The role of surfactant in reducing the surface tension of the lung during respiration is suggested to be based on DPPC bilayer aggregates that are present in the lungs and able to diffuse to the air–liquid interface with the help of phospholipids and proteins to form a DPPC monolayer.[32] On the other hand, the presence of glycerol (VG) in a water-DPPC solution was shown to be partitioned equally near the lipid membrane surface and in the bulk.[33] One conclusion based on these two observations is that VG can interact with the DPPC bilayers in the aqueous solution of the lungs and the DPPC monolayer present at the interface. Even if our findings could not confirm the morphology of the DPPC layers on the ATR crystal, FTIR results showed that VG interacted with DPPC. The interaction between glycerol and phosphatidylcholine bilayers was reported to change the position of DPPC chains from tilted to interdigitated and perpendicular to the plane of the membrane.[34,35] Another study also showed that glycerol increases the bending stiffness of the surfactant monolayer formed by DPPC/POPG (palmitoyloleoylphosphatidylglycerol).[36] This result is explained by the fact that glycerol usually substitutes water molecules in solvation layers and concentrates in the interfacial region,[34] creating a thin adlayer under the lipid film.[36] This behavior affects the mechanical stability of pulmonary surfactant, leading to a depletion of surfactant from the pulmonary interface.

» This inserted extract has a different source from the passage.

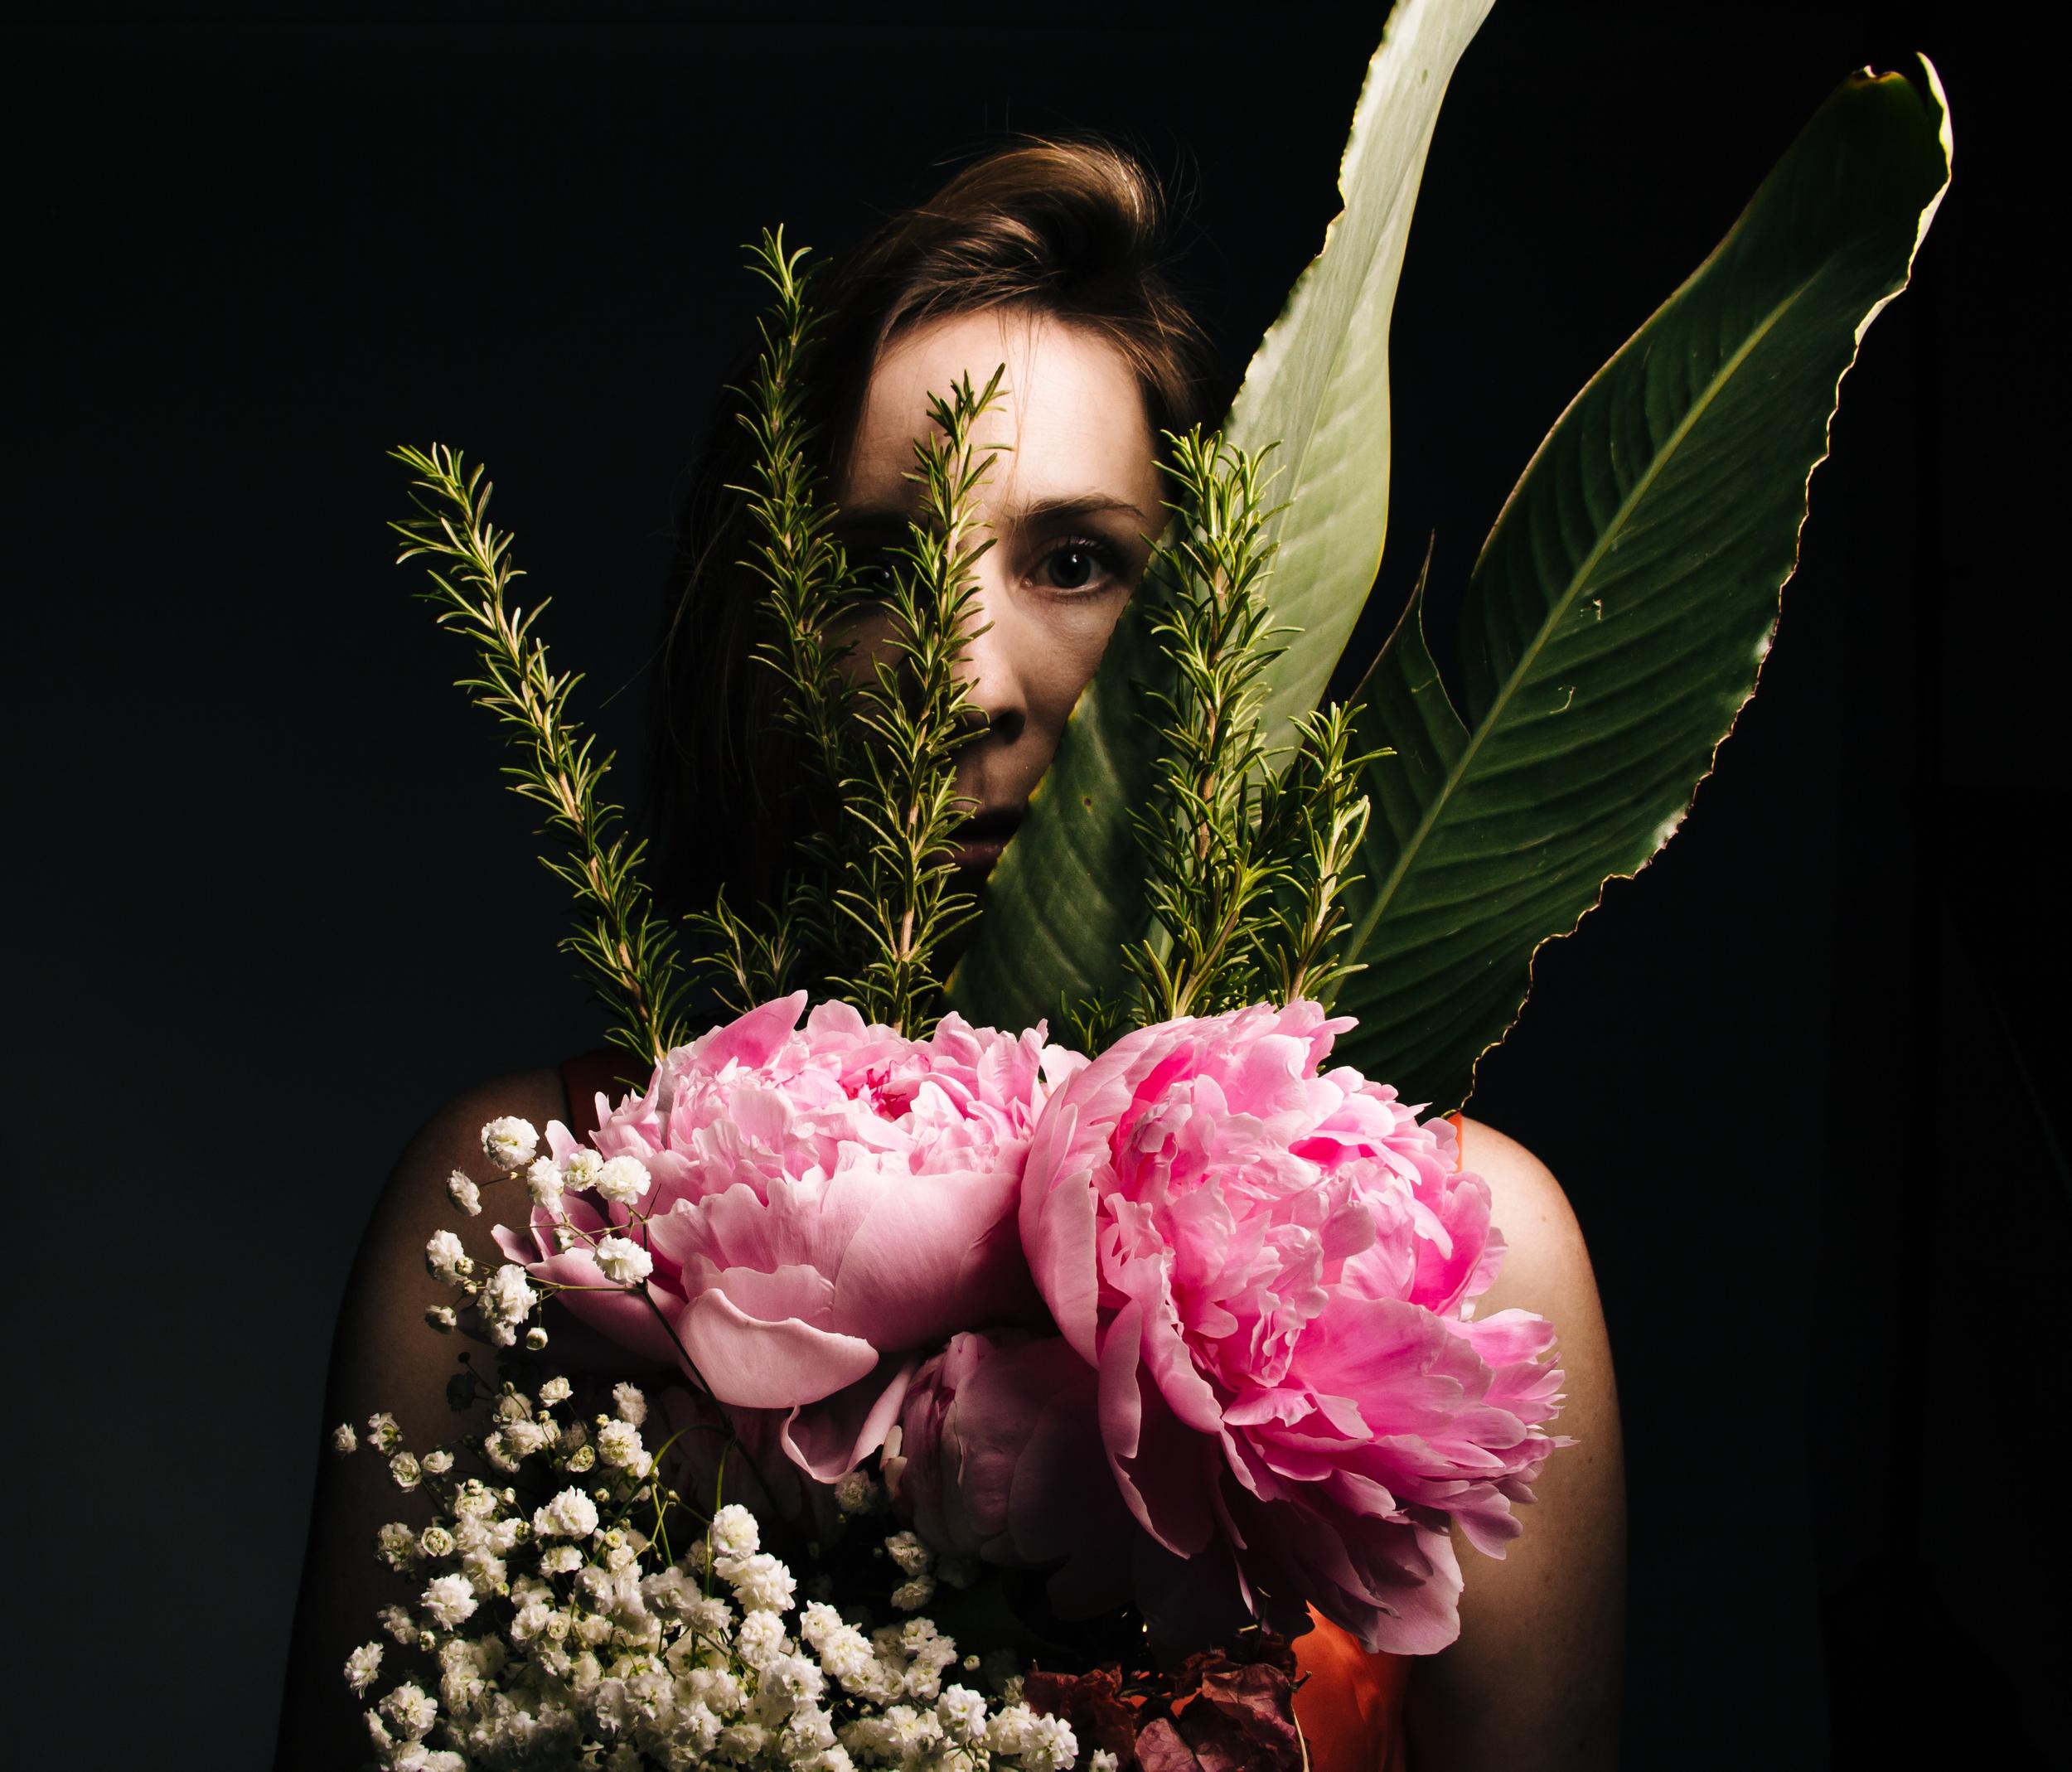 Marissa Berrini, Creative Director and Photographer
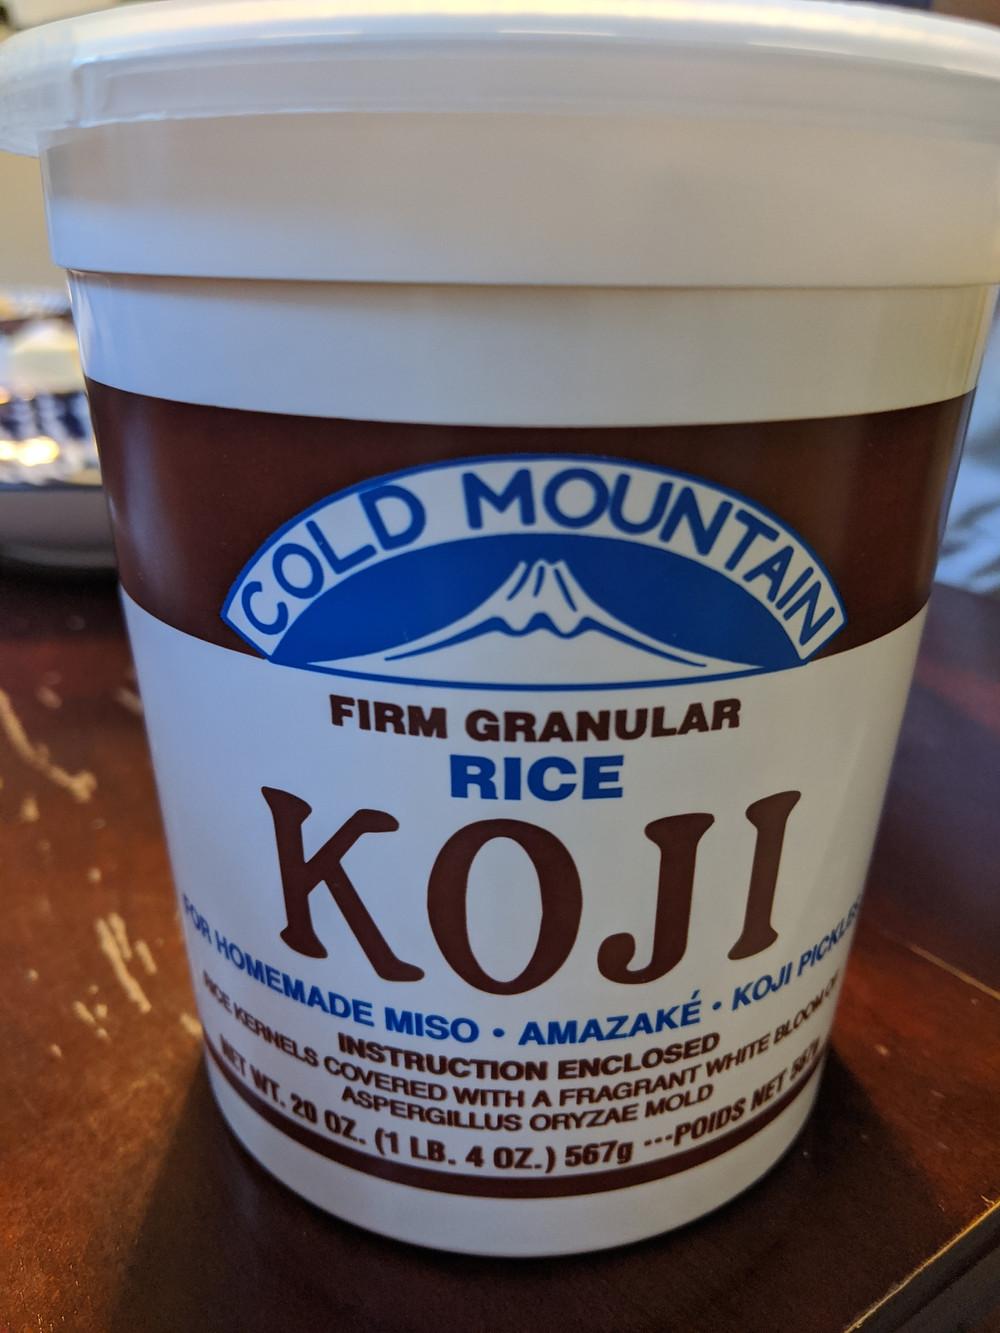 Cold Mountain Rice Koji

The size distribution of aerosols generated by ENDS systems is affected by several parameters (presence of nicotine and vanillin, increasing power, and percentage of PG and VG),[37,38] which implies a variation of aerosols deposition in different regions of the lungs. Nevertheless, all the tested conditions lead to alveolar deposition, representing more than 25% of the deposited particles in the lungs.[38] Besides, an estimated 175 puffs that are inhaled by one ENDS user per day would lead to a volume of aerosols per unit surface area around 5–9-fold higher than the volume per unit surface area of the surfactant layer.[39] These two findings show the importance of the results shown in Figure which represent the modification in the orientation of the DPPC molecules with the increasing number of puffs.

Once inactivated, DPPC can no longer protect the alveoli from contaminants[40,41] which might originate from ENDS vaping or other environmental sources (air pollution) causing thereby inflammation, which might lead to some of the EVALI and lung diseases related to ENDS use.

This study suggests that a molecular interaction between the major phospholipid present in human lung, DPPC, and VG or PG aerosols leads to a change in the surface DPPC alignment. Extrapolations to comment on compressibility modulus and reduction of surface tension are still the subject of many discussions. A review of the literature showed in one of the studies that the effect of ENDS aerosol on pulmonary surfactant induces a shift in the compression isotherm of the surfactant film.[42] The authors deduced that this impairment of the surfactant function might result in adverse effects on breathing. Recently, Sosnowski et al.[31] controlled the amount of VG and PG deposited on the surfactant film and showed that these compounds can have physicochemical effects on pulmonary surfactant leading to altering the ability of the lungs to reduce their surface tension during respiration. However, Przybyla et al.[43] showed that ENDS aerosol has no effect on the compression isotherm of the surfactant but can cause alterations in lateral arrangement of the surfactant at the interface. Discrepancies were due mainly to the different methods and varying concentrations of ENDS aerosol that were dosed onto the surfaces. Therefore, future studies might focus on measuring surface tension using the Langmuir balance to ensure the formation of a DPPC monolayer on the water surface under known concentrations of ENDS aerosols.

In summary, there is an important need to study the effect of PG and VG aerosols on pulmonary surfactant in situ to unravel the molecular level of interaction between the surfactant and ENDS carrier solvents, to understand how they are incorporated between the DPPC molecules, and to determine at what percentage of VG and PG the surfactant activity will be altered.